If automationhub_main_url is not specified, the first node in the [automationhub] group will be used as default.

2.2. Install a high availability (HA) deployment of automation hub on SELinux

To set up a high availability (HA) deployment of automation hub on SELinux, create two mount points for /var/lib/pulp and /var/lib/pulp/pulpcore_static, then assign the appropriate SELinux contexts to each. You must add the context for /var/lib/pulp/pulpcore_static and run the Ansible Automation Platform installer before adding the context for /var/lib/pulp.

Prerequisites

  • You have already configured a NFS export on your server.
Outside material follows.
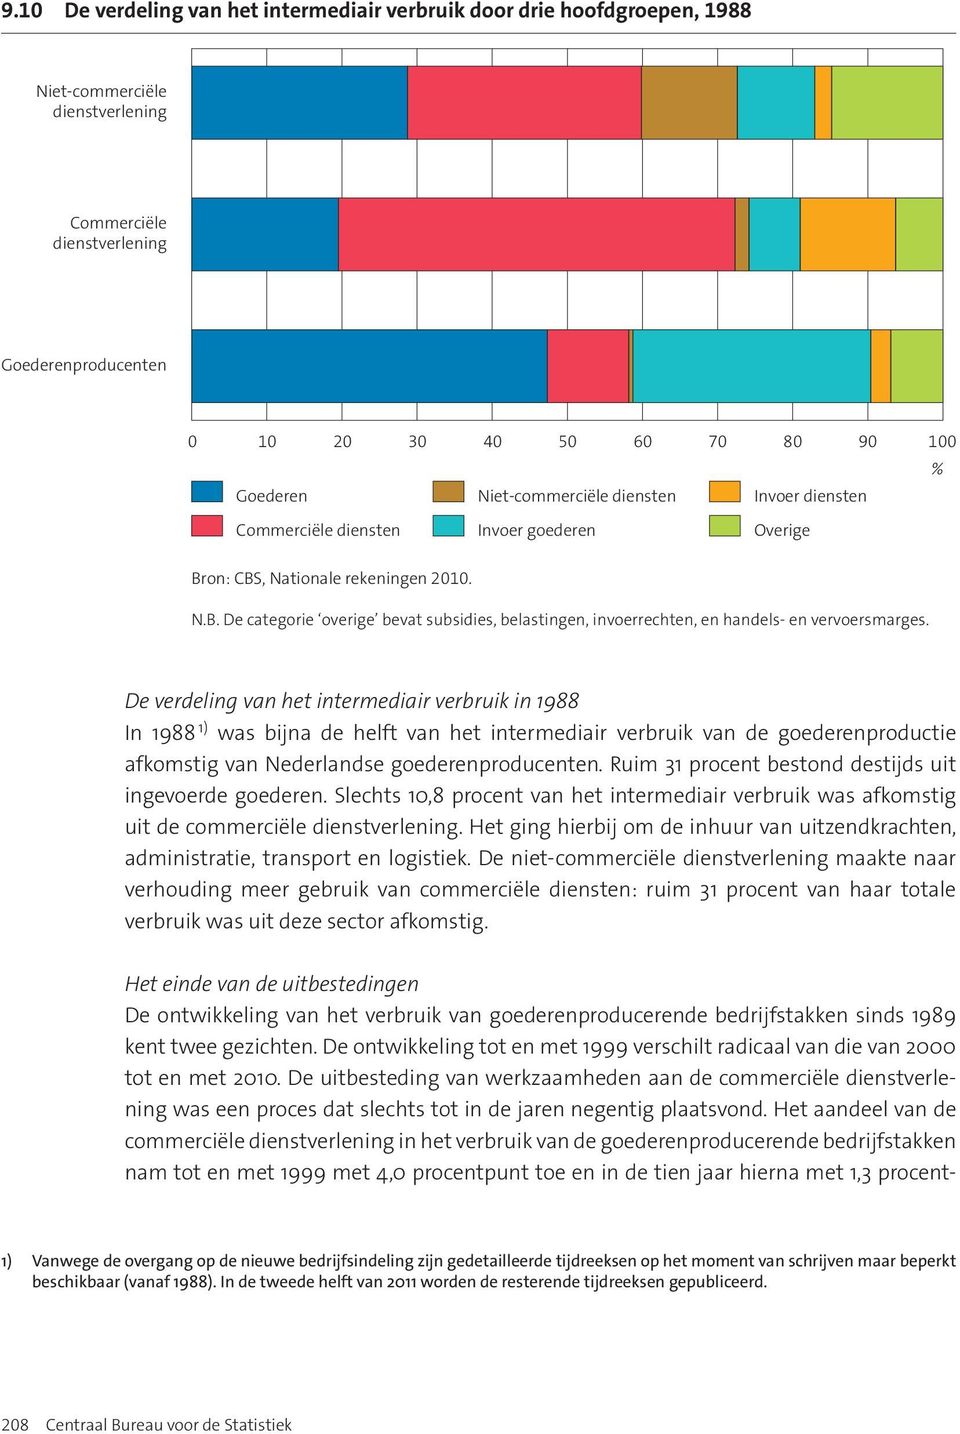 De verdeling van het intermediair verbruik in 1988 In 1988 1) was bijna de helft van het intermediair verbruik van de goederenproductie afkomstig van Nederlandse goederenproducenten.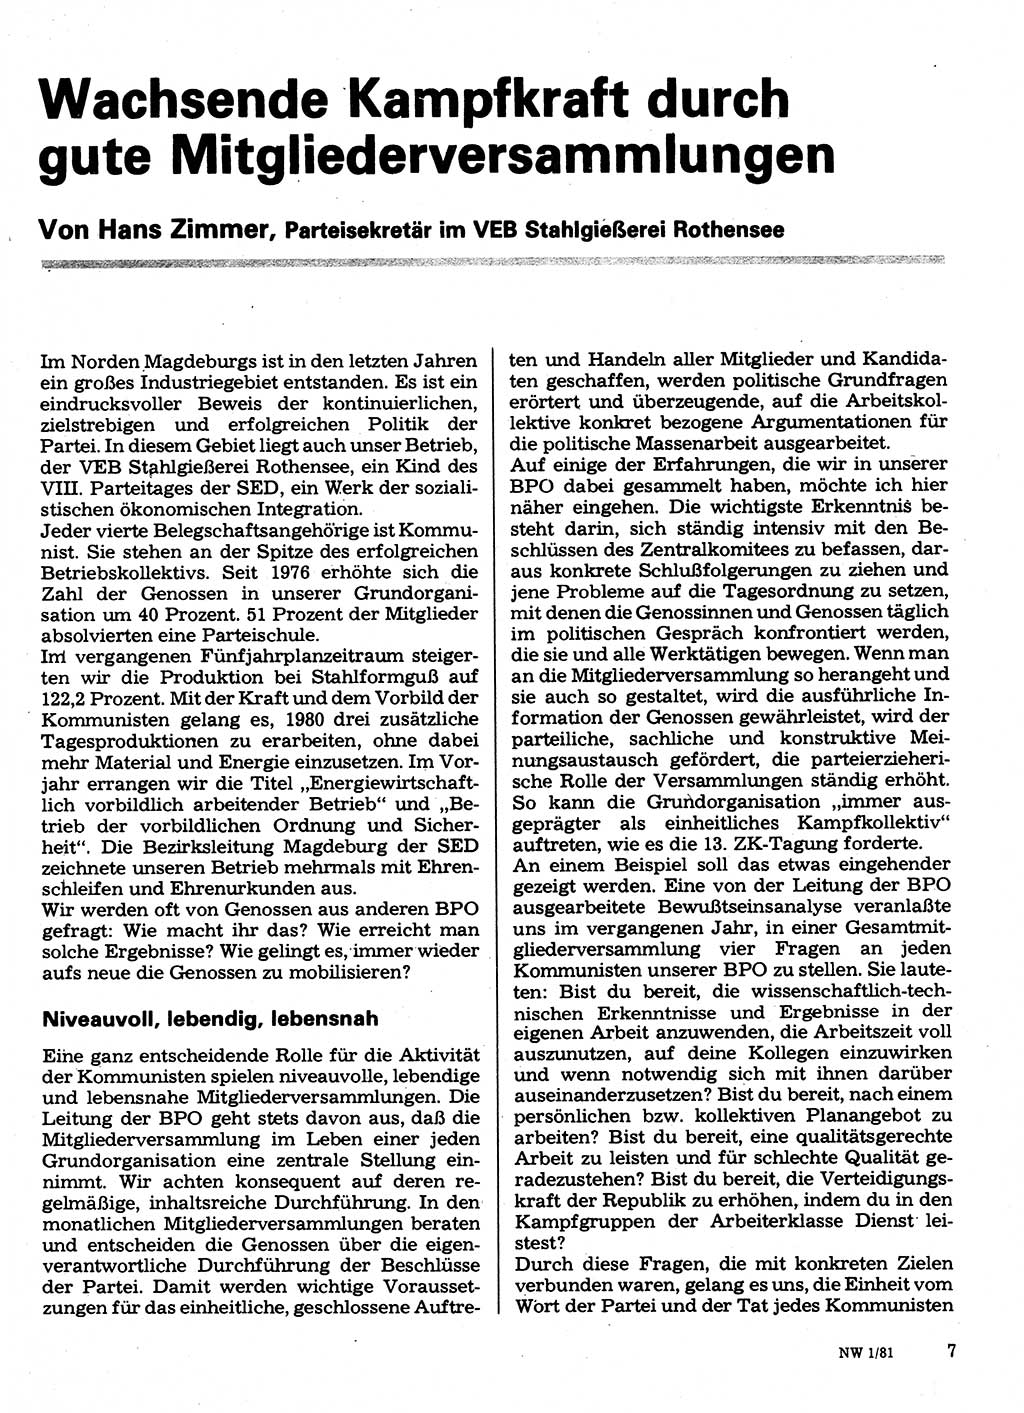 Neuer Weg (NW), Organ des Zentralkomitees (ZK) der SED (Sozialistische Einheitspartei Deutschlands) für Fragen des Parteilebens, 36. Jahrgang [Deutsche Demokratische Republik (DDR)] 1981, Seite 7 (NW ZK SED DDR 1981, S. 7)

Pre-installation procedure

  1. Create a mount point at /var/lib/pulp:

    $ mkdir /var/lib/pulp/
  2. Open /etc/fstab using a text editor, then add the following values:

    srv_rhel8:/data /var/lib/pulp nfs defaults,_netdev,nosharecache 0 0
    srv_rhel8:/data/pulpcore_static /var/lib/pulp/pulpcore_static nfs defaults,_netdev,nosharecache,context="system_u:object_r:httpd_sys_content_rw_t:s0" 0 0
  3. Run the mount command for /var/lib/pulp:

    $ mount /var/lib/pulp
  4. Create a mount point at /var/lib/pulp/pulpcore_static:

    $ mkdir /var/lib/pulp/pulpcore_static
  5. Run the mount command:

    $ mount -a
  6. With the mount points set up, run the Ansible Automation Platform installer:

    $ setup.sh -- -b --become-user root

Once the installation is complete, unmount the /var/lib/pulp/ mount point then apply the appropriate SELinux context:

Post-installation procedure

  1. Shut down the Pulp service:

    $ systemctl stop pulpcore.service
  2. Unmount /var/lib/pulp/pulpcore_static:

    $ umount /var/lib/pulp/pulpcore_static
  3. Unmount /var/lib/pulp/:

    $ umount /var/lib/pulp/
  4. Open /etc/fstab using a text editor, then replace the existing value for /var/lib/pulp with the following:

    srv_rhel8:/data /var/lib/pulp nfs defaults,_netdev,nosharecache,context="system_u:object_r:pulpcore_var_lib_t:s0" 0 0
  5. Run the mount command:

    $ mount -a

Configure pulpcore.service:

  1. With the two mount points set up, shut down the Pulp service to configure pulpcore.service:

    $ systemctl stop pulpcore.service
  2. Edit pulpcore.service using systemctl:

    $ systemctl edit pulpcore.service
  3. Add the following entry to pulpcore.service to ensure that automation hub services starts only after starting the network and mounting the remote mount points:

    [Unit]
    After=network.target var-lib-pulp.mount
  4. Enable remote-fs.target:

    $ systemctl enable remote-fs.target
  5. Reboot the system:

    $ systemctl reboot

Troubleshooting

A bug in the pulpcore SELinux policies can cause the token authentication public/private keys in etc/pulp/certs/ to not have the proper SELinux labels, causing the pulp process to fail. When this occurs, run the following command to temporarily attach the proper labels:

$ chcon system_u:object_r:pulpcore_etc_t:s0 /etc/pulp/certs/token_{private,public}_key.pem
Note

You must repeat this command to reattach the proper SELinux labels whenever you relabel your system.